Du 2 avril au 7 septembre 2015

La question du public

Comment choisir l'aide auditive qui convient le mieux?

Émission du 21 février 2008

«J’entends de moins en moins bien et j’aimerais savoir quels sont les appareils auditifs disponibles sur le marché.»

Notre experte invitée : Martine Gendron, audiologiste à l’Institut Raymond-Dewar

À quel moment s’aperçoit-on qu’on a besoin d’un appareil auditif?
Dès que l’on prend conscience que la perte auditive commence à déranger et à limiter nos activités, il faut penser à utiliser des appareils auditifs. Une autre indication pourrait être que notre handicap nous empêche de participer à des activités impliquant des échanges, par exemple une conversation.

Si la perte auditive affecte la vie de notre entourage, par exemple si notre conjoint est obligé de répondre au téléphone à notre place ou s’il doit répéter des propos parce qu’on les a ratés, il est temps de consulter.

Avant d’opter pour une prothèse auditive, il faut passer un examen pour évaluer la perte et aussi mesurer la qualité de l’audition qui reste. Le handicap peut être léger, modéré, modérément sévère, sévère ou profond.

Comment choisir le bon type de prothèse auditive?
Dans les cas de perte légère de l’ouïe, la plupart des modèles peuvent convenir car l’appareil n’a pas besoin d’être très gros.

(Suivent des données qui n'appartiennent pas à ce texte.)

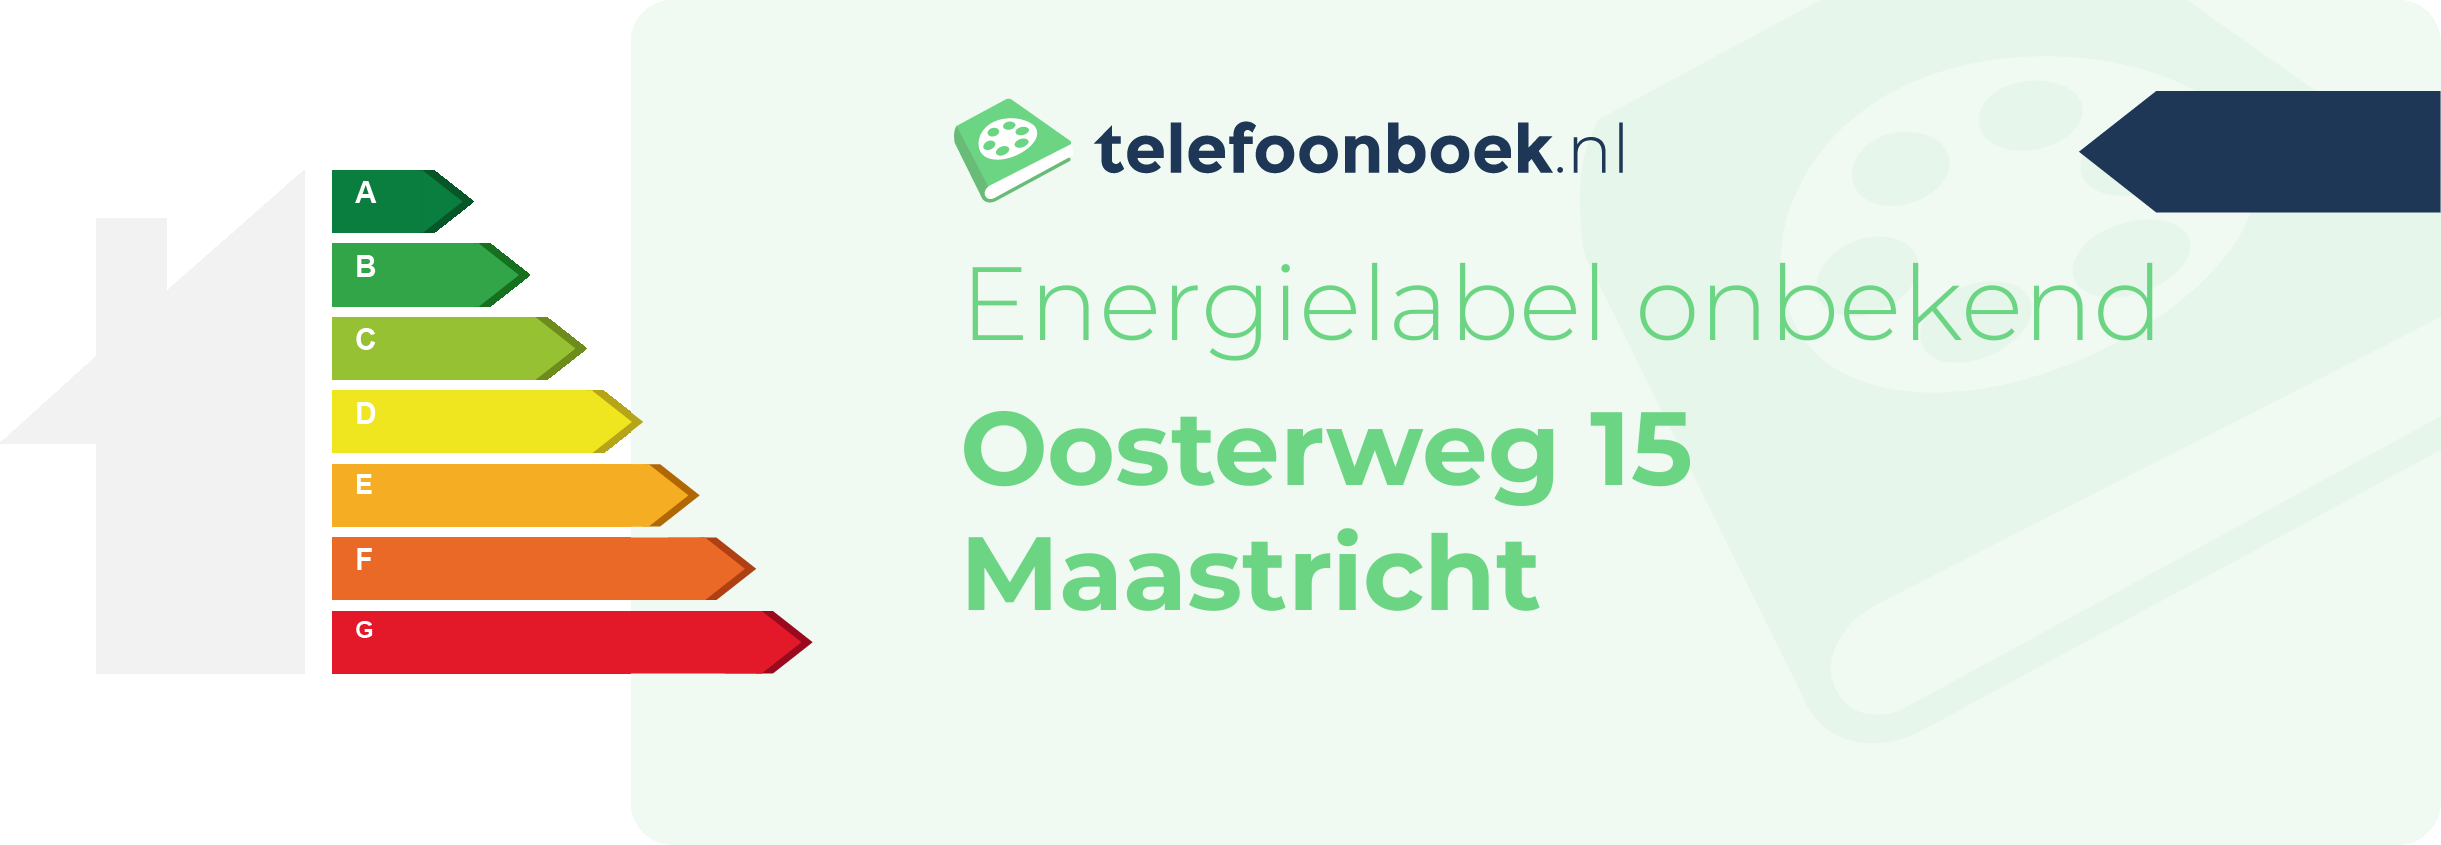 Energielabel Oosterweg 15 Maastricht

Pour les cas modérés, on peut opter pour des modèles dits intra-auriculaires, c’est-à-dire qu’ils sont placés à l’intérieur de l’oreille. La taille du modèle varie en fonction du degré de la perte auditive. Ce sont la plupart du temps des modèles beaucoup plus discrets, soit le demi-conque et l’intra-canal, qui sont utilisés. Pour les problèmes sévères et profonds, les plus petits appareils ne sont pas adaptés, particulièrement ceux qui s’insèrent profondément dans le conduit auditif. Ils exigent des amplificateurs plus puissants, donc de plus grande taille. Leur format est incompatible avec ce type de modèle. Il faut choisir alors un modèle plus gros dit de «pleine conque», c’est-à-dire qui épouse la région correspondante à la conque de l’oreille.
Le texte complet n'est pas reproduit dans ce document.